#### [Information provided]
+ + + + +
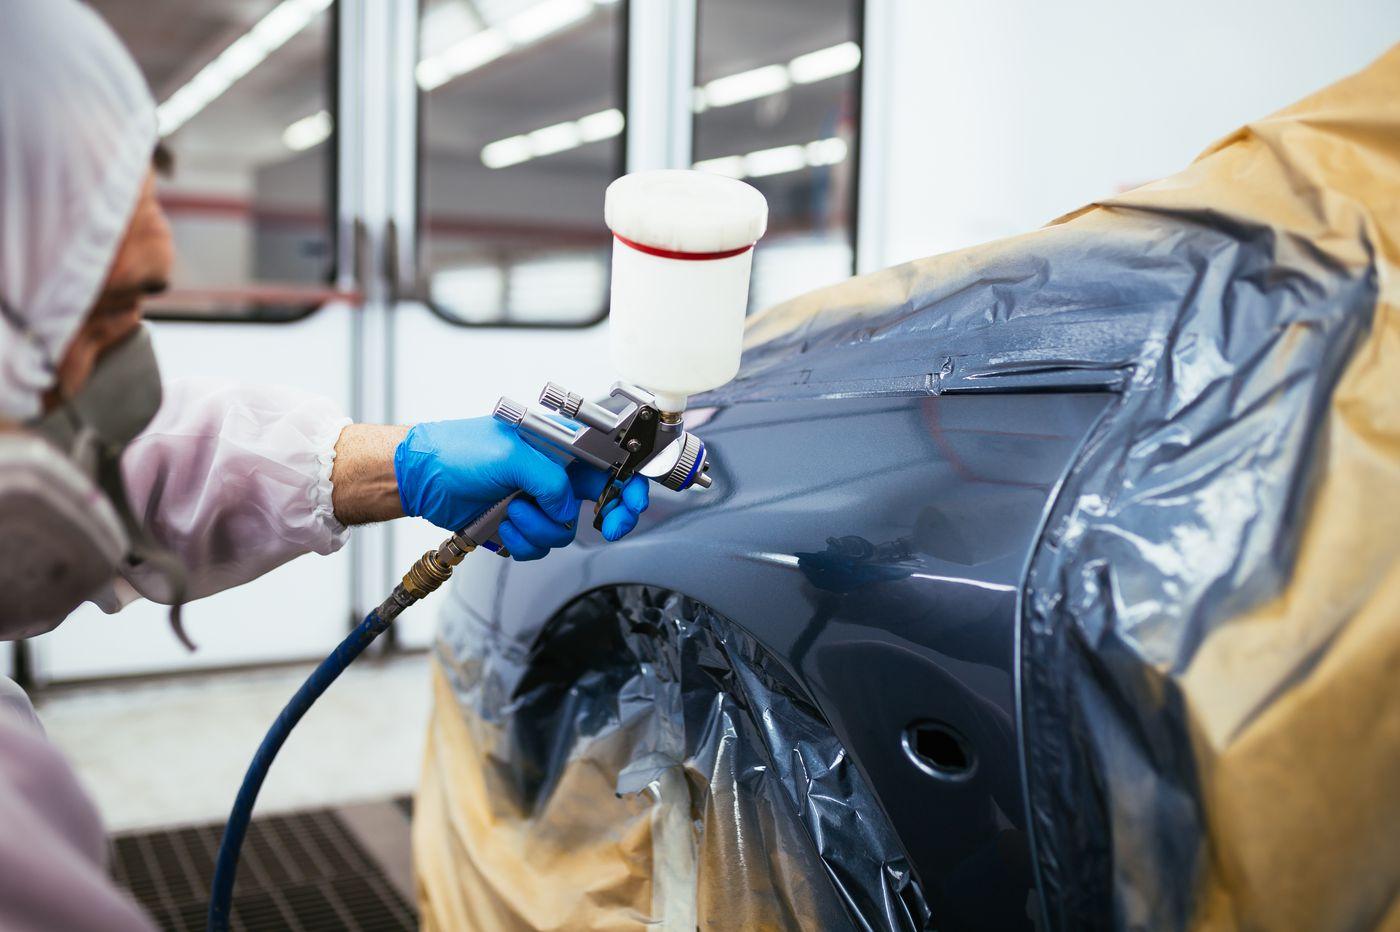 Damage control: Don't let an auto body shop wreck your wallet
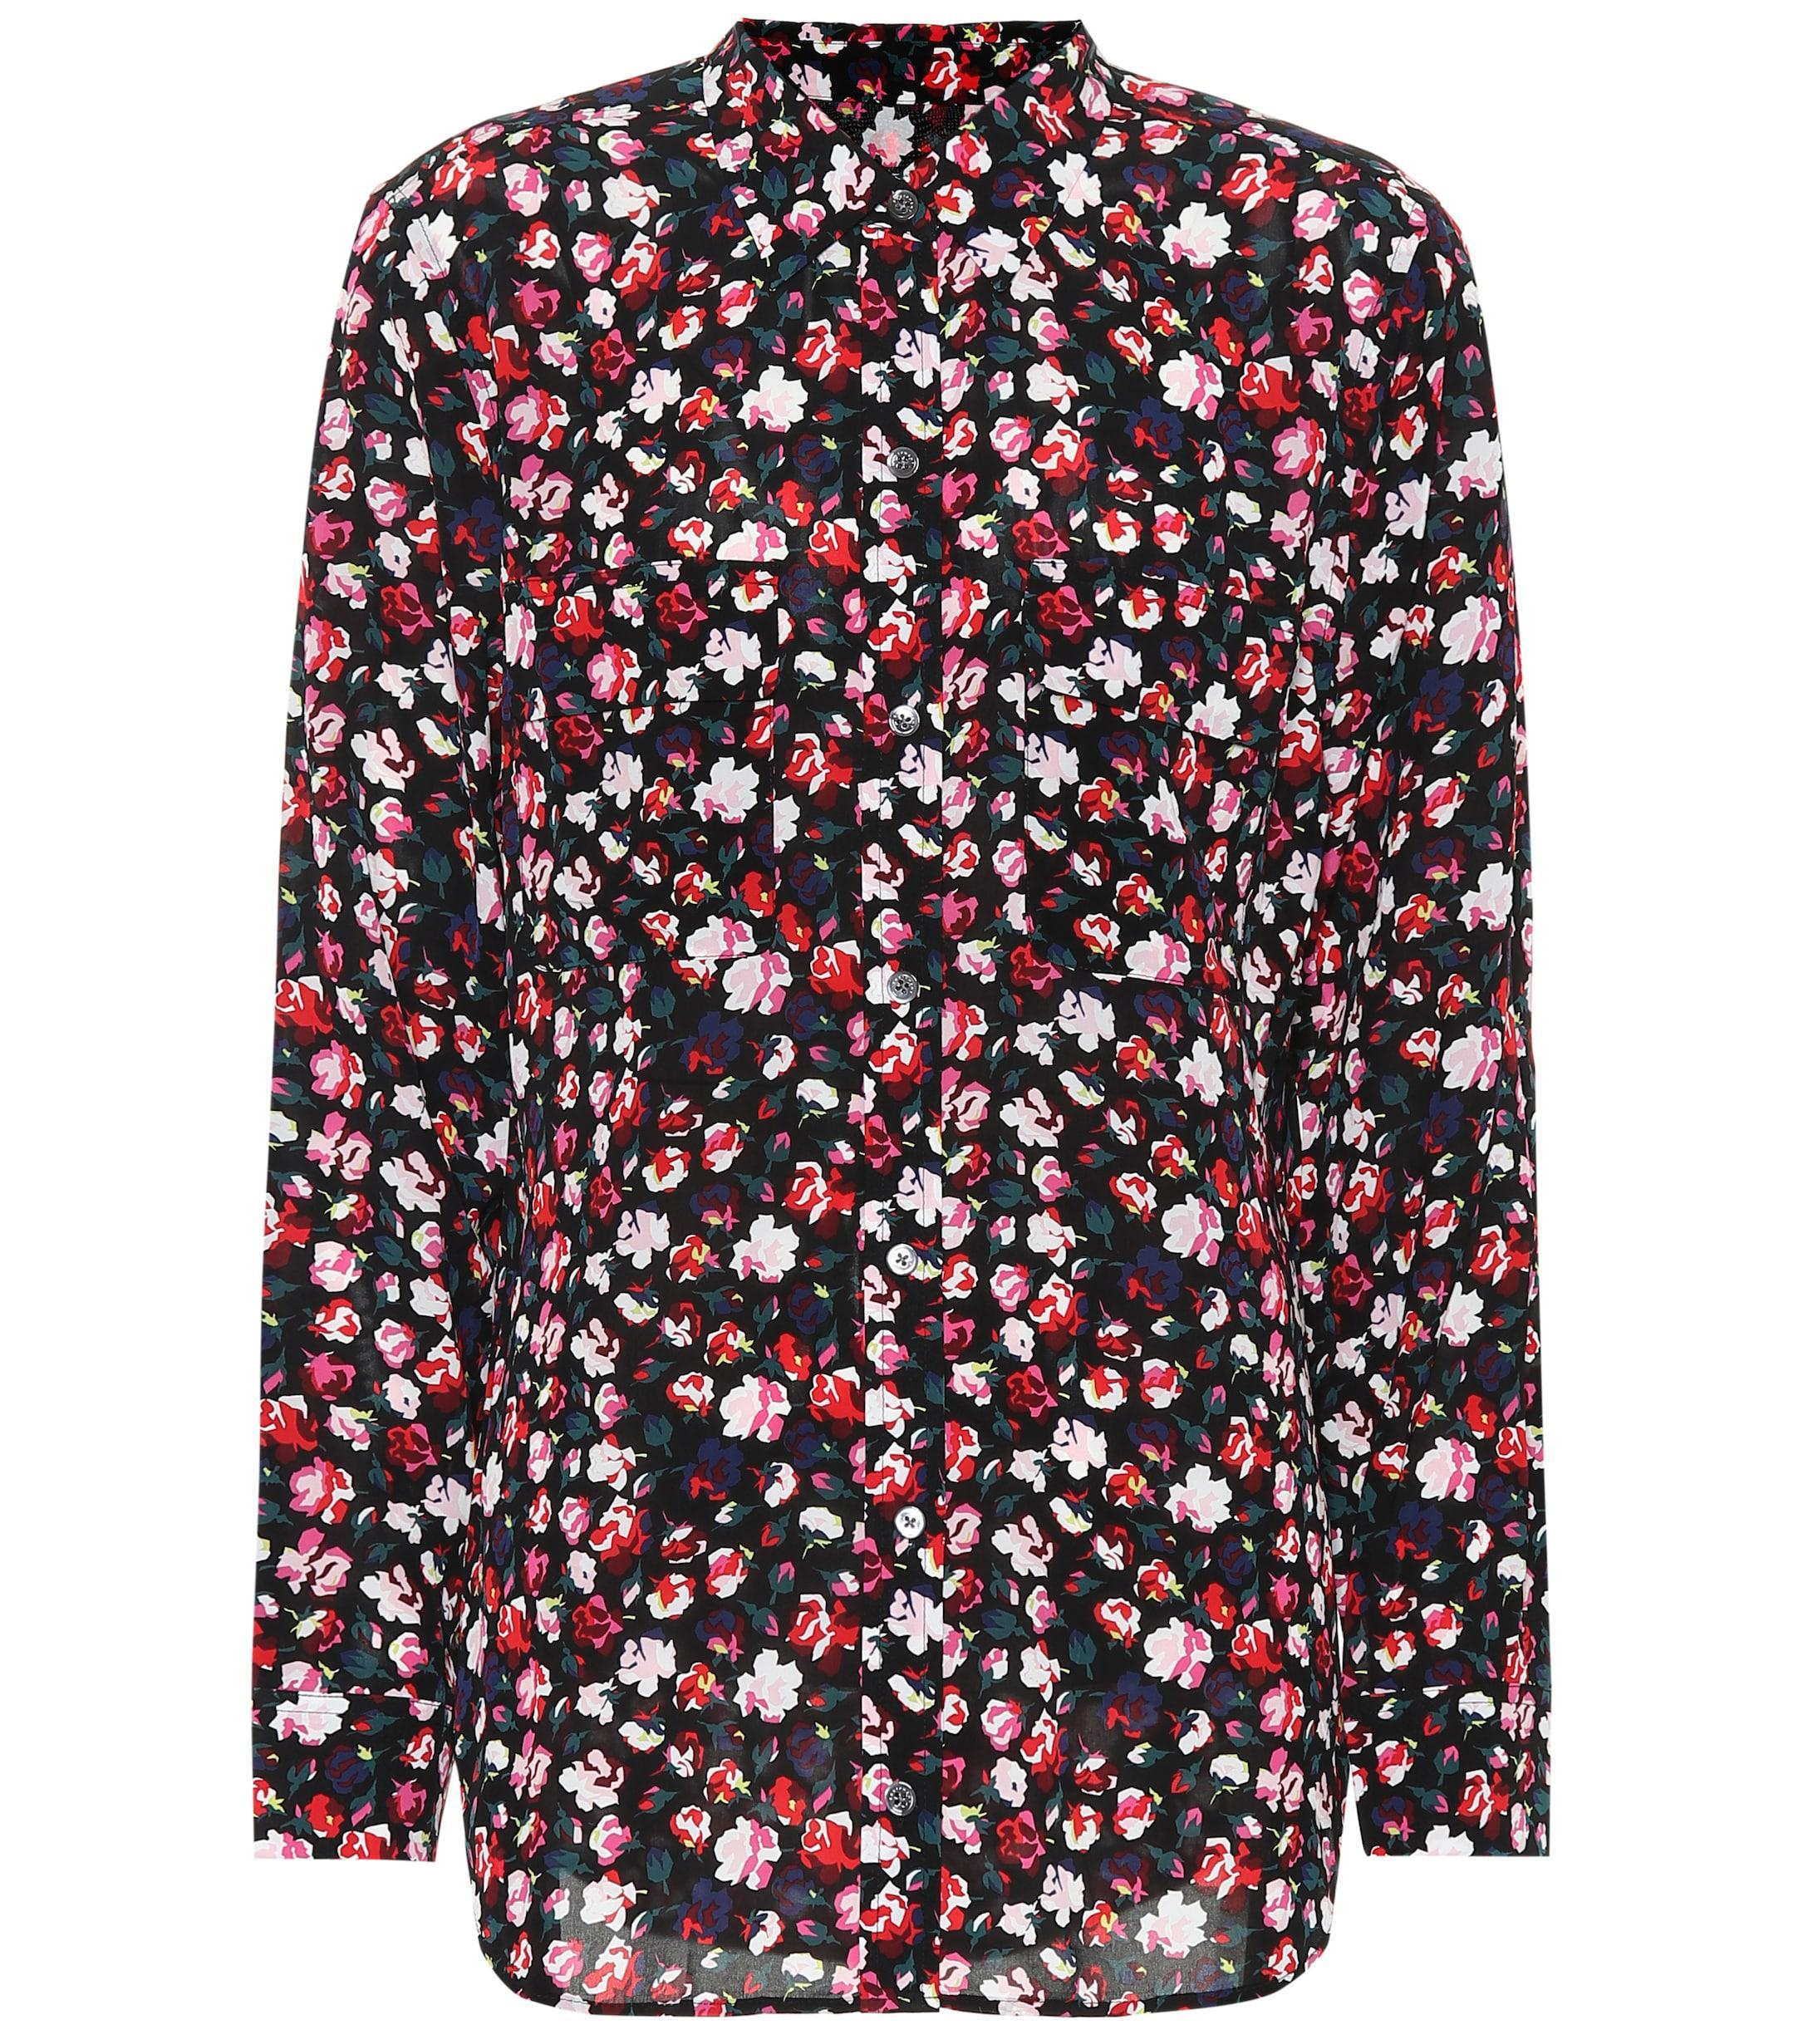 fbafef0a2827f Lyst - Equipment Floral Crêpe Shirt in Black - Save 48%
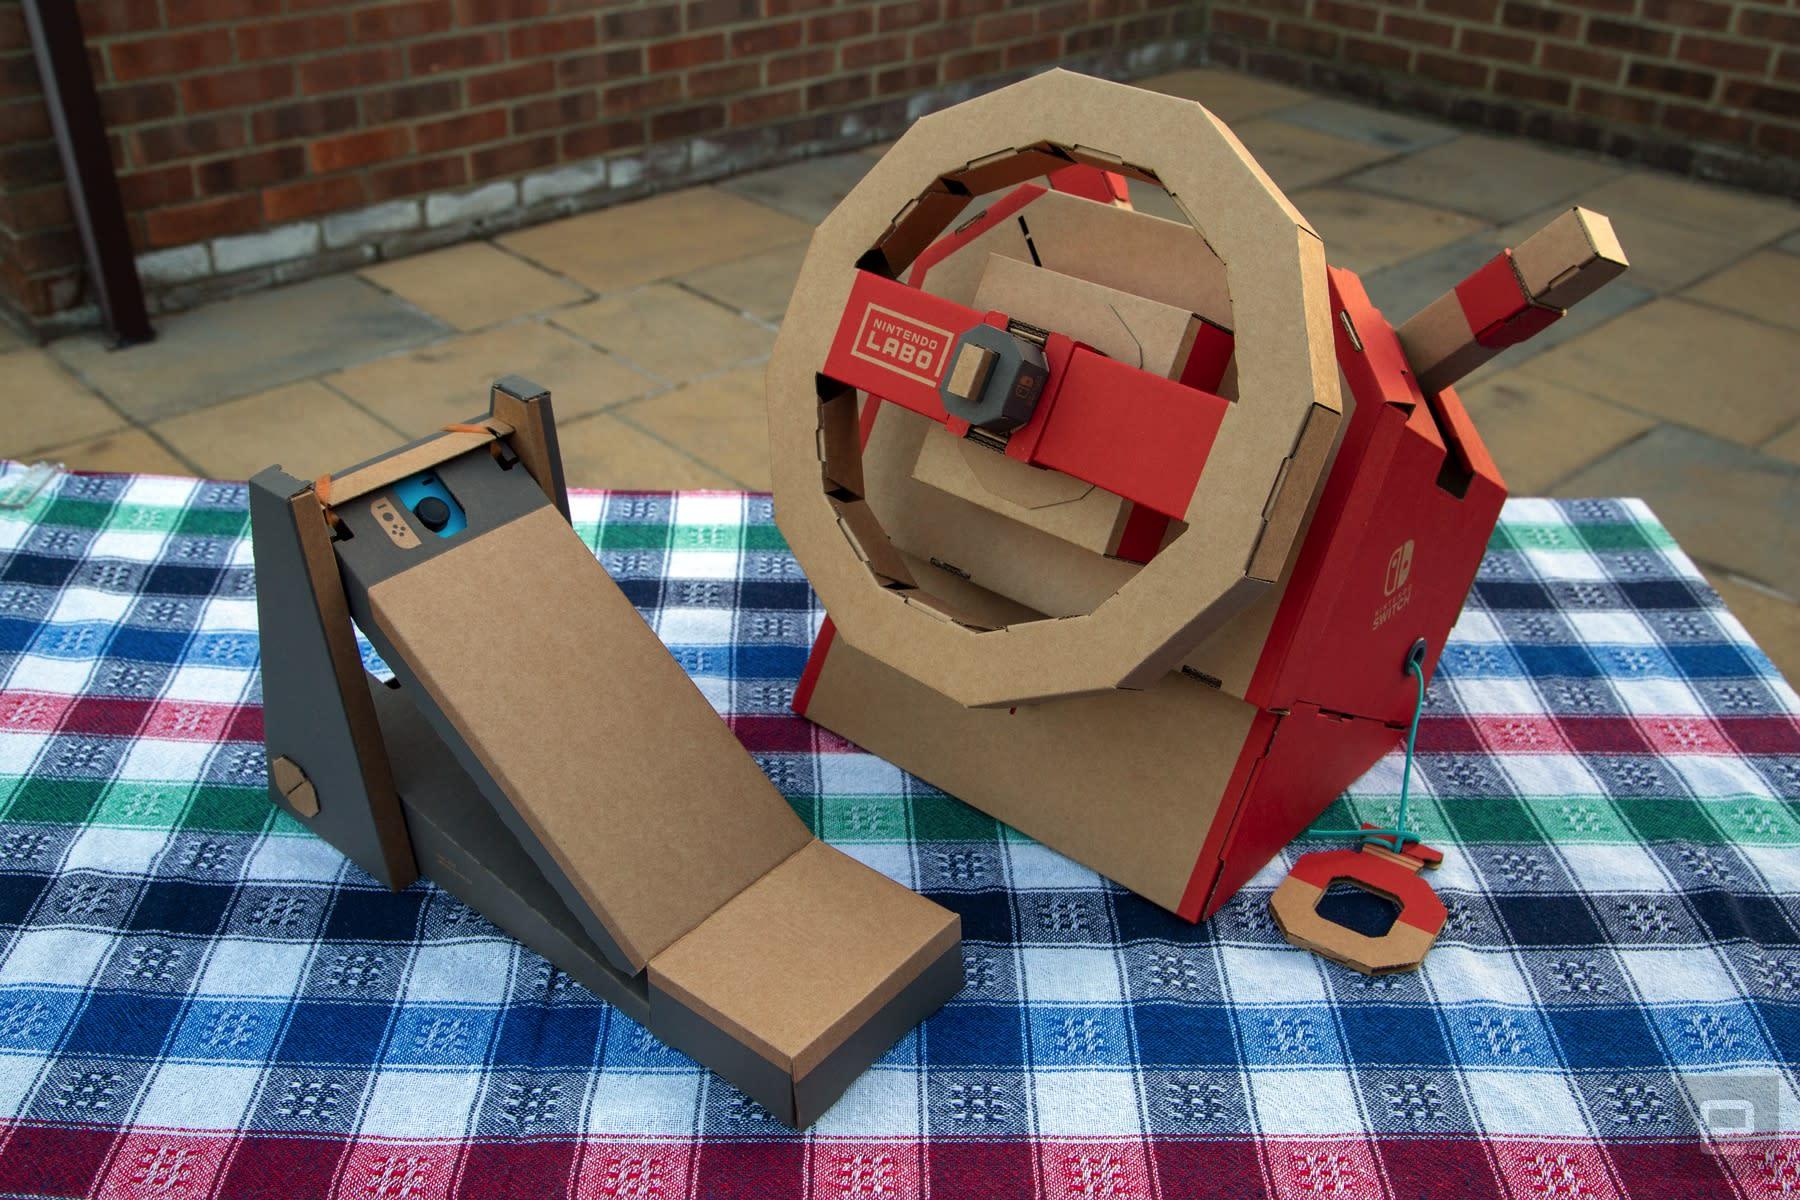 Nintendo Labo Vehicle Kit: Rewarding builds with better games
+ + + + +
#### [What you are asked to do]
A word-for-word copy of the lines from the one with "fbafef0a2827f Lyst - Equipment" through the last line of the data above is required, with both end lines included and no pictures.

#### [Exercise solution]
 fbafef0a2827f Lyst - Equipment Floral Crêpe Shirt in Black - Save 48%
 Nintendo Labo Vehicle Kit: Rewarding builds with better games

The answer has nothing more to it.